→ **WHAT THIS TASK INVOLVES**: Print out the data precisely as it appears here, with no pictures.

→ **SUPPLIED DATA**:

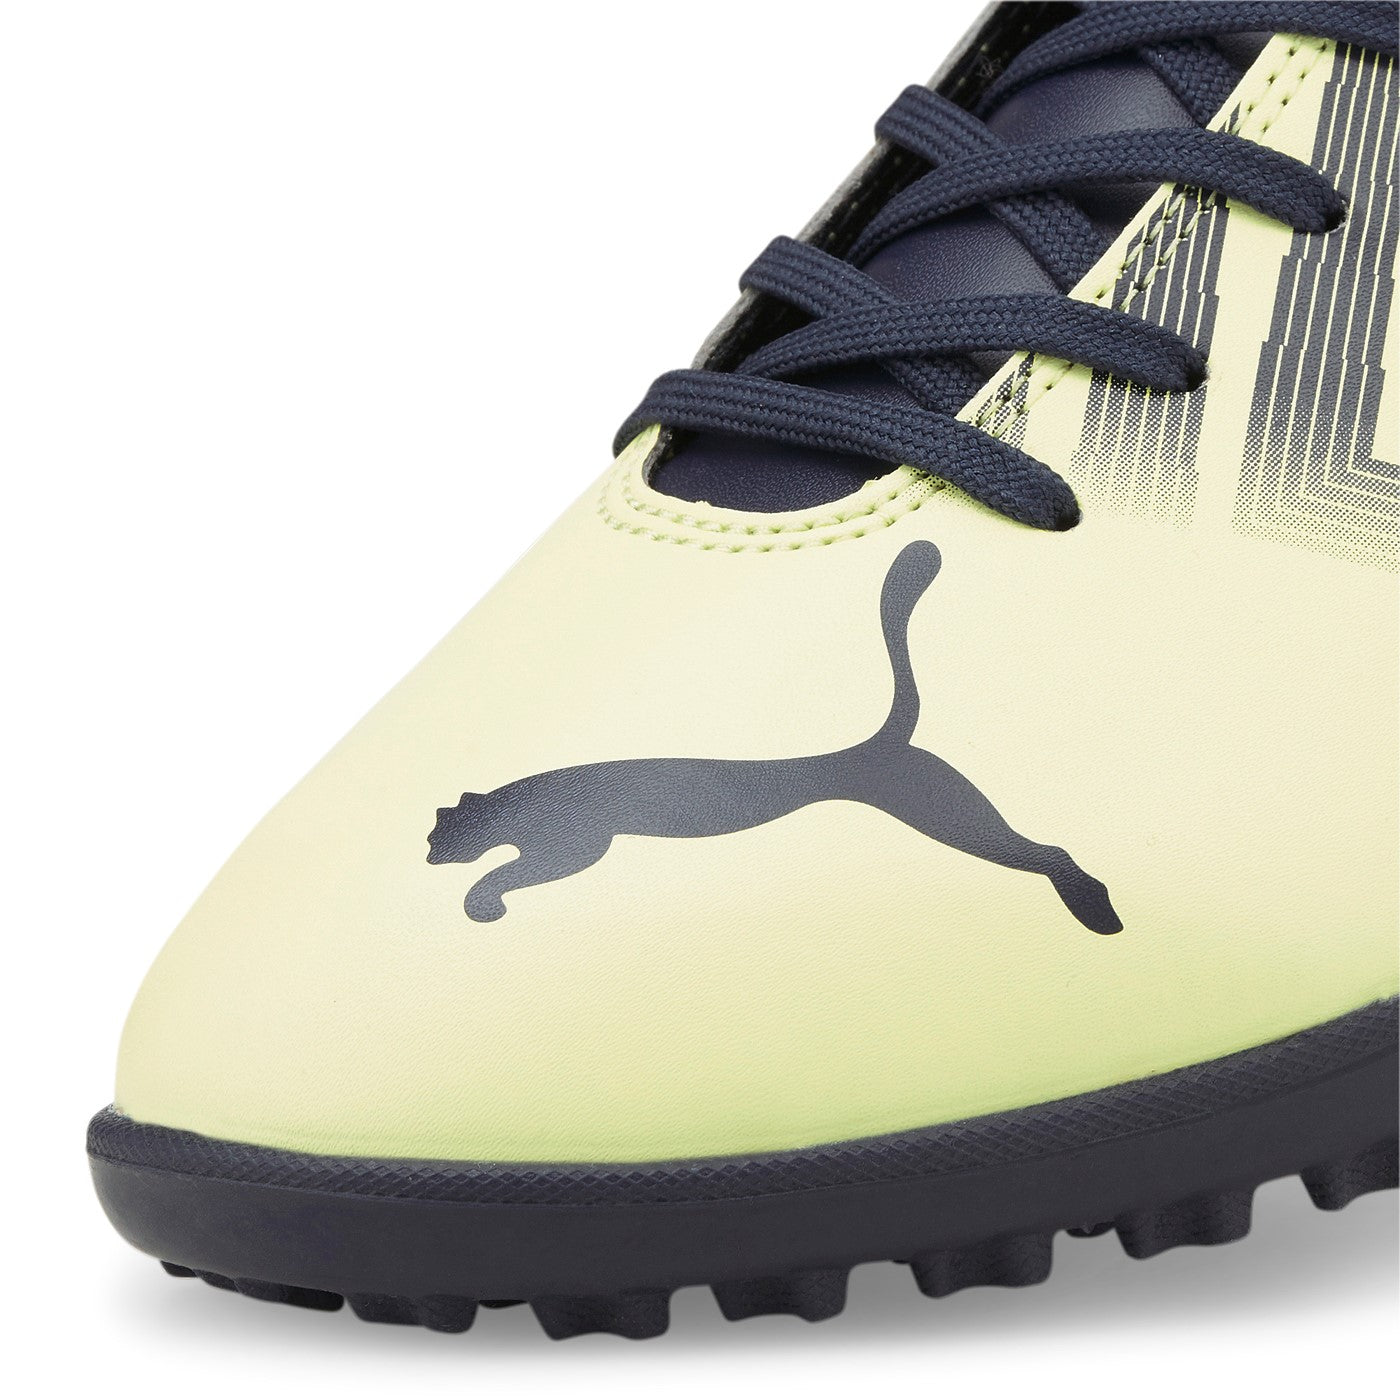 Puma scarpa da calcetto Tacto II TT 106702 05 fresh yellow-parisian night
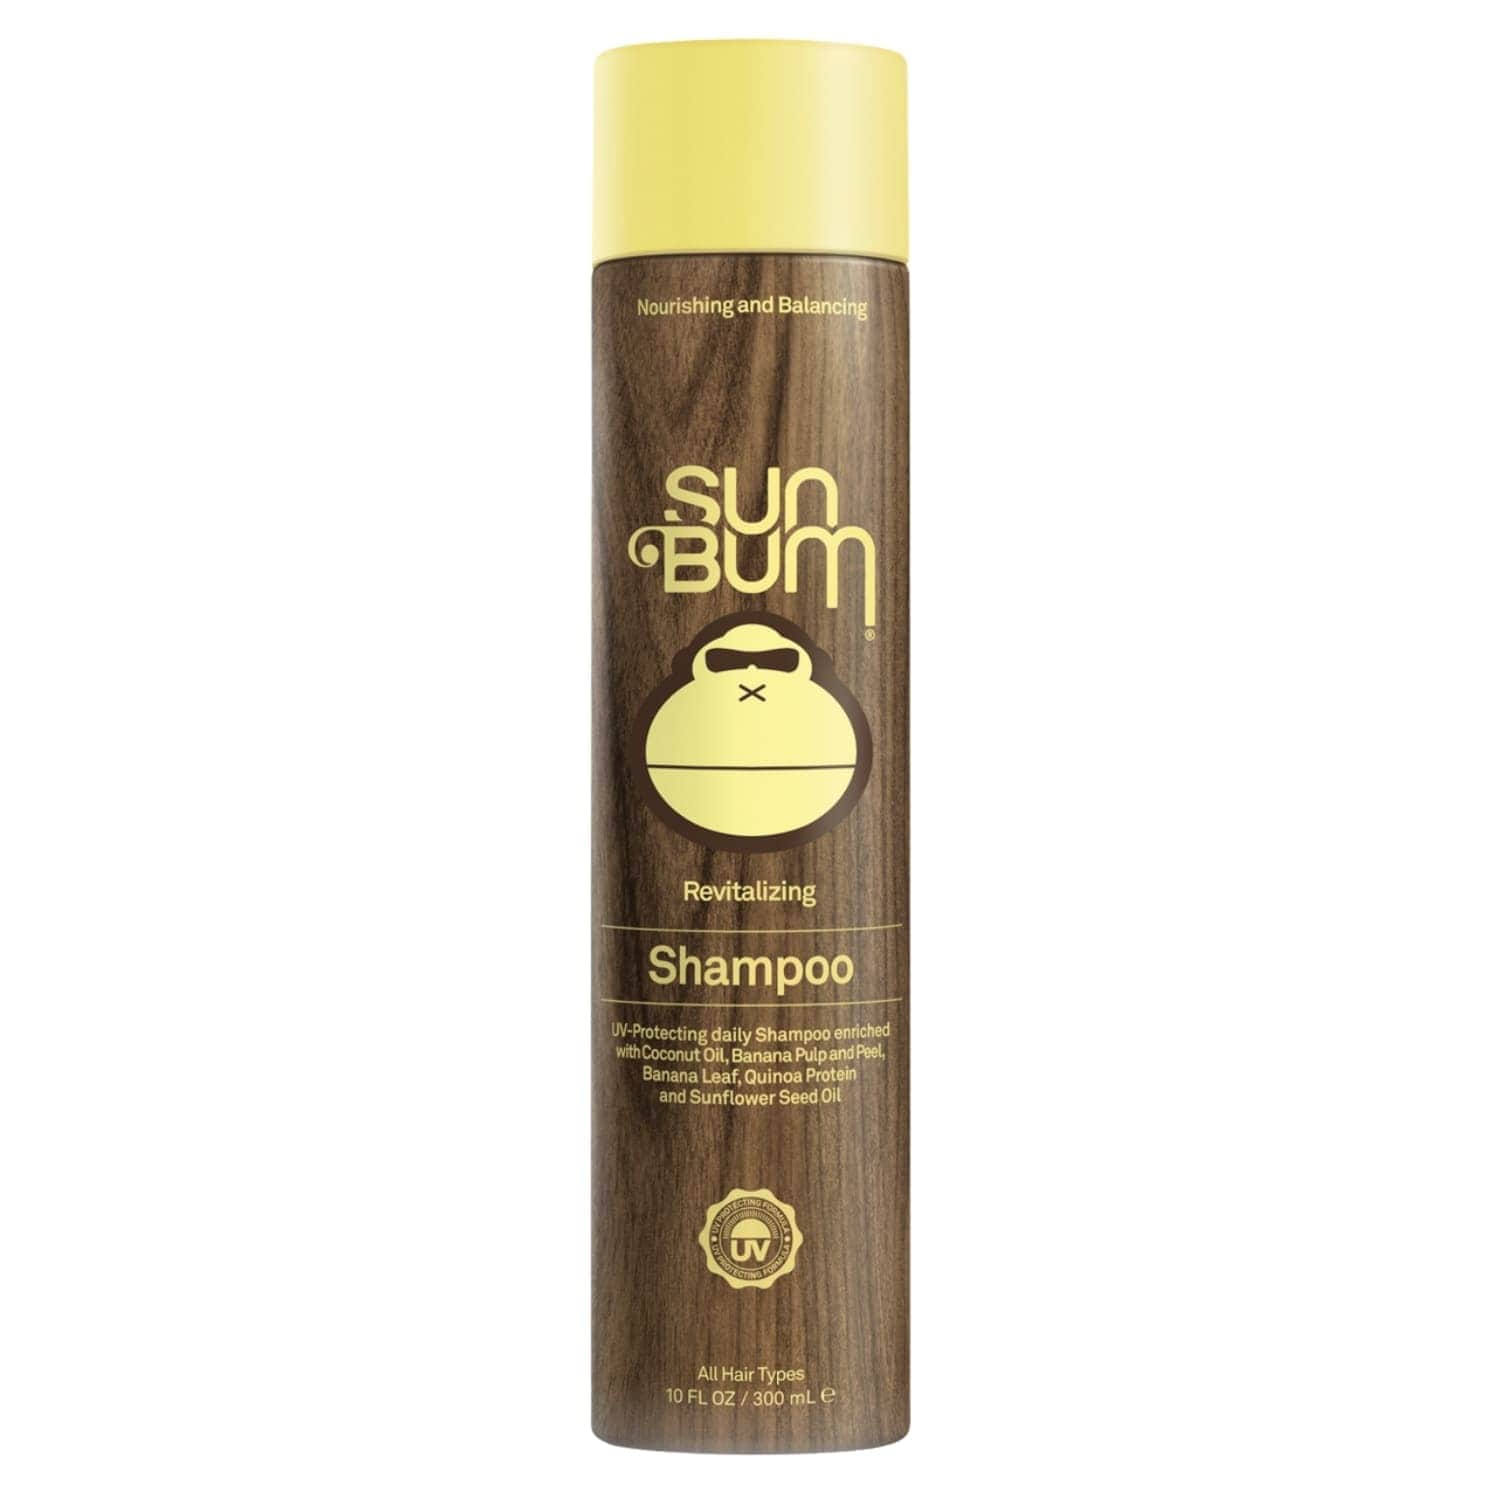 Sun Bum Revitalizing Shampoo 300ml - Hair Shampoo/Conditioner by Sun Bum 300ml
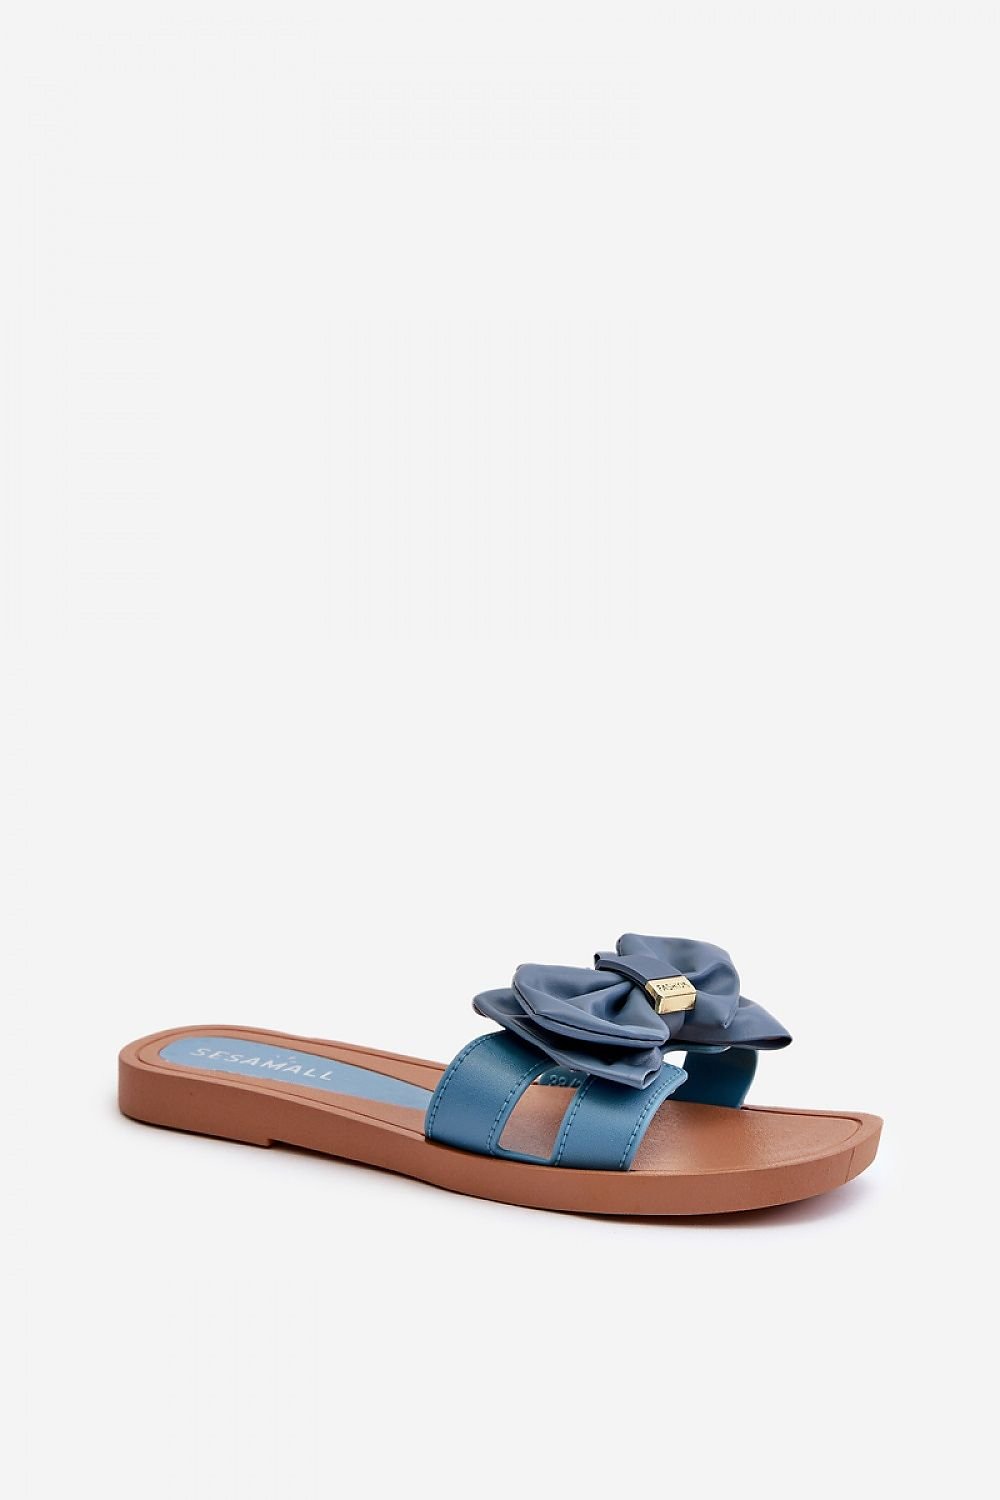 TEEK - Beveled Bow Flat Sandals SHOES TEEK MH blue 6

→ **RESULT**:
 Puma scarpa da calcetto Tacto II TT 106702 05 fresh yellow-parisian night
 Sun Bum Revitalizing Shampoo 300ml - Hair Shampoo/Conditioner by Sun Bum 300ml
 TEEK - Beveled Bow Flat Sandals SHOES TEEK MH blue 6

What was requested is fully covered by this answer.